◆ Work order: Once you reach the line that holds "Solid Pastel Yellow Plain Zoom Background" in the listing below, output it and every line after it through the line that holds "Do Cats Have", word for word.

◆ Data extract:
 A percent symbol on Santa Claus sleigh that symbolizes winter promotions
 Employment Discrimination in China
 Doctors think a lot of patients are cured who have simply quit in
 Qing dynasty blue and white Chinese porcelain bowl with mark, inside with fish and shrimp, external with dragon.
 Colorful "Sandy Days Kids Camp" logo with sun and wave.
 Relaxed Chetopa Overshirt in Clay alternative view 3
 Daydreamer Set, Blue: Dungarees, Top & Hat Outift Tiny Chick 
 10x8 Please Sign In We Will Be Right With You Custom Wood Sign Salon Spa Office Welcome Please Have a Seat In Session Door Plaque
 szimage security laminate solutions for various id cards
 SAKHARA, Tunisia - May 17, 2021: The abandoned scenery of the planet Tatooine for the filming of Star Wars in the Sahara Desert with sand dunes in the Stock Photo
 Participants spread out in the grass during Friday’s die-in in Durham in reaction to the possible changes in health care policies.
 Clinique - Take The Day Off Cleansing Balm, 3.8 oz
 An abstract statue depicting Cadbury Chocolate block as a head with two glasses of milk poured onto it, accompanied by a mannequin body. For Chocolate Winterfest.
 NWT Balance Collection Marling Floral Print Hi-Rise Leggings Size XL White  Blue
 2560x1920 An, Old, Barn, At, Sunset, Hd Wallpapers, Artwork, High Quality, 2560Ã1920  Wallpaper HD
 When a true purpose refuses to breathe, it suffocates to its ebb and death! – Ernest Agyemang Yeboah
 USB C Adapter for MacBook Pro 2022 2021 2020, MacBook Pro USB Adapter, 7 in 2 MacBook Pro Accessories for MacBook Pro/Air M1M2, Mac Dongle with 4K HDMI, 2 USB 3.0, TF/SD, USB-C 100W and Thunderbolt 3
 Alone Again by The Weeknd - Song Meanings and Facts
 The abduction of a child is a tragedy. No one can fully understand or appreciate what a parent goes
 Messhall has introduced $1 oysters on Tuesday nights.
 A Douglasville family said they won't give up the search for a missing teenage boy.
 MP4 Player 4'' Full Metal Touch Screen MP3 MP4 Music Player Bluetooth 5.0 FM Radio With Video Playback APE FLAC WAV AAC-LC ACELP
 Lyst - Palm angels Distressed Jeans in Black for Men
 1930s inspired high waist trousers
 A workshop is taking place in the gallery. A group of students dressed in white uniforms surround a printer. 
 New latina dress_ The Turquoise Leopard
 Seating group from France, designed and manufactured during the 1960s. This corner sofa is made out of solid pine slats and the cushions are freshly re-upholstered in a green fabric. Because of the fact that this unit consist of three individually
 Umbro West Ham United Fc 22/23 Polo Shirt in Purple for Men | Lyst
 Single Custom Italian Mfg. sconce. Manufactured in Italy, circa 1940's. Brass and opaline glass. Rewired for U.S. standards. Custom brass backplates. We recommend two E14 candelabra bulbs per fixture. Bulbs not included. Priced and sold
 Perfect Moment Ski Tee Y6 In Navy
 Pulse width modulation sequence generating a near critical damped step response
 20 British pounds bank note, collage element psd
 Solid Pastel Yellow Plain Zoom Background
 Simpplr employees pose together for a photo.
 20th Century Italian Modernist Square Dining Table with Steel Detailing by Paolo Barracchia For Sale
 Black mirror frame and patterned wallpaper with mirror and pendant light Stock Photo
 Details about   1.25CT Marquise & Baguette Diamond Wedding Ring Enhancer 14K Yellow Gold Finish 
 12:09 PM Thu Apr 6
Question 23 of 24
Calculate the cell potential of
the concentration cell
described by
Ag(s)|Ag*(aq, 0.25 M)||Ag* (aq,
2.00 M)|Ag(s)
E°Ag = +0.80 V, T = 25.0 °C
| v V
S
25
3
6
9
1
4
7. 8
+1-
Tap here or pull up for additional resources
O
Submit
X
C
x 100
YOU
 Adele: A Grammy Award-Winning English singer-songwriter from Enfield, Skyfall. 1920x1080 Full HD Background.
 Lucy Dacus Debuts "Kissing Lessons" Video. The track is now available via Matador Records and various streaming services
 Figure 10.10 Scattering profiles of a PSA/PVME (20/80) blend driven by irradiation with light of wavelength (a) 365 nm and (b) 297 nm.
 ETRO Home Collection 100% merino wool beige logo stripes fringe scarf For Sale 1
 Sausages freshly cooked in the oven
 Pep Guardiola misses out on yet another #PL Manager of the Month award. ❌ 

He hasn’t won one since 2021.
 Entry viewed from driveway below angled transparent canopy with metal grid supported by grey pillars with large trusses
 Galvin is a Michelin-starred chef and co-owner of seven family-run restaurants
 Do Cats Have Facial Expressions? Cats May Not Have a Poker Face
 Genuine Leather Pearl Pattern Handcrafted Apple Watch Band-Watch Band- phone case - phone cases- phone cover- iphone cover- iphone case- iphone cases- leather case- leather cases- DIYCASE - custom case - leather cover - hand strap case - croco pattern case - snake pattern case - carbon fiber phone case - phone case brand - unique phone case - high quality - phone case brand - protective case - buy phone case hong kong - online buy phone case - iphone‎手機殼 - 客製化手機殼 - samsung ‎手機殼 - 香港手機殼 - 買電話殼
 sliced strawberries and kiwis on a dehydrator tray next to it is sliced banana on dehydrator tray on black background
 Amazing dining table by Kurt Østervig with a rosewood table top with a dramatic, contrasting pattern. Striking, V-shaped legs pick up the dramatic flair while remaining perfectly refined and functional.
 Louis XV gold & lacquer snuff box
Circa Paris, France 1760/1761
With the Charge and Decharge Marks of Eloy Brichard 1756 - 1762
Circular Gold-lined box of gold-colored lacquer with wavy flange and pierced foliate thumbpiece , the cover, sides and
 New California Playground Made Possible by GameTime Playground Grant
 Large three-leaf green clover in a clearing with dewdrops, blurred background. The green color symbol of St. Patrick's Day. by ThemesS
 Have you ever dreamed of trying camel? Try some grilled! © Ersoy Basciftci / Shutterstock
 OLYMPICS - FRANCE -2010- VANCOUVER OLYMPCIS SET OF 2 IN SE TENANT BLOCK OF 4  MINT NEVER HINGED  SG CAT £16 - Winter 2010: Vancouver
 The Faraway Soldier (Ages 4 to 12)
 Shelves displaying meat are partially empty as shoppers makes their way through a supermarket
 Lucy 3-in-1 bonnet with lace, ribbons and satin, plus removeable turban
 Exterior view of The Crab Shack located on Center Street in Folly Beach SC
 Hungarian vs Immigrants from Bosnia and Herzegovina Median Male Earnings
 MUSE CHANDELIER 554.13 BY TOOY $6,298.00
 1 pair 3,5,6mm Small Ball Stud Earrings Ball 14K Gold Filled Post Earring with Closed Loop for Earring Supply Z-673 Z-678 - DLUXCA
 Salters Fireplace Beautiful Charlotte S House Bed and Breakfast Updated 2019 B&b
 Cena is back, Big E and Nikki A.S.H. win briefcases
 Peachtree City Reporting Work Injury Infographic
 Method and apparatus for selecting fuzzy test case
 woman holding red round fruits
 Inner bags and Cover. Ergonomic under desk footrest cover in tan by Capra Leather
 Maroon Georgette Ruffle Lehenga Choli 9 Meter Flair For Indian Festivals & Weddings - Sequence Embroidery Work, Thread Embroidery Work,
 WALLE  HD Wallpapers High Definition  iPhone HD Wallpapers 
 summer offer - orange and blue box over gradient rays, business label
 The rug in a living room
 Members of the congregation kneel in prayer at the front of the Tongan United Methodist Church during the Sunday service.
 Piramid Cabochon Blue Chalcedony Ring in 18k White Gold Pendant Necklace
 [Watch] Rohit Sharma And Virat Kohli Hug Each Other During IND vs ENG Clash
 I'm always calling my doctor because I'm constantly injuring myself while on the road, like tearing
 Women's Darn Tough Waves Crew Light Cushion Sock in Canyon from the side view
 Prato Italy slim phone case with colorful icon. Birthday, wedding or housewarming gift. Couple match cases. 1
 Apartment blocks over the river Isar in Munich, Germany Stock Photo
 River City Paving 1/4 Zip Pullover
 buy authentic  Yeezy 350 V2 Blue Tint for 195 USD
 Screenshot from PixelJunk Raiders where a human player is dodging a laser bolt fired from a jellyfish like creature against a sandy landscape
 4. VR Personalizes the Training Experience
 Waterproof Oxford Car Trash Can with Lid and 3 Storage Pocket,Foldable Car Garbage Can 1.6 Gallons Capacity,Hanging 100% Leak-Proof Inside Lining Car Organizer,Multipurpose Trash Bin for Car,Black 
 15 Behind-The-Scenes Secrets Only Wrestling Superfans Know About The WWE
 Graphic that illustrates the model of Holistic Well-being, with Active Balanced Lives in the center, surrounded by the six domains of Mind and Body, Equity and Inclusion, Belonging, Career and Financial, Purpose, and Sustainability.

◆ Task answer:
 Solid Pastel Yellow Plain Zoom Background
 Simpplr employees pose together for a photo.
 20th Century Italian Modernist Square Dining Table with Steel Detailing by Paolo Barracchia For Sale
 Black mirror frame and patterned wallpaper with mirror and pendant light Stock Photo
 Details about   1.25CT Marquise & Baguette Diamond Wedding Ring Enhancer 14K Yellow Gold Finish 
 12:09 PM Thu Apr 6
Question 23 of 24
Calculate the cell potential of
the concentration cell
described by
Ag(s)|Ag*(aq, 0.25 M)||Ag* (aq,
2.00 M)|Ag(s)
E°Ag = +0.80 V, T = 25.0 °C
| v V
S
25
3
6
9
1
4
7. 8
+1-
Tap here or pull up for additional resources
O
Submit
X
C
x 100
YOU
 Adele: A Grammy Award-Winning English singer-songwriter from Enfield, Skyfall. 1920x1080 Full HD Background.
 Lucy Dacus Debuts "Kissing Lessons" Video. The track is now available via Matador Records and various streaming services
 Figure 10.10 Scattering profiles of a PSA/PVME (20/80) blend driven by irradiation with light of wavelength (a) 365 nm and (b) 297 nm.
 ETRO Home Collection 100% merino wool beige logo stripes fringe scarf For Sale 1
 Sausages freshly cooked in the oven
 Pep Guardiola misses out on yet another #PL Manager of the Month award. ❌ 

He hasn’t won one since 2021.
 Entry viewed from driveway below angled transparent canopy with metal grid supported by grey pillars with large trusses
 Galvin is a Michelin-starred chef and co-owner of seven family-run restaurants
 Do Cats Have Facial Expressions? Cats May Not Have a Poker Face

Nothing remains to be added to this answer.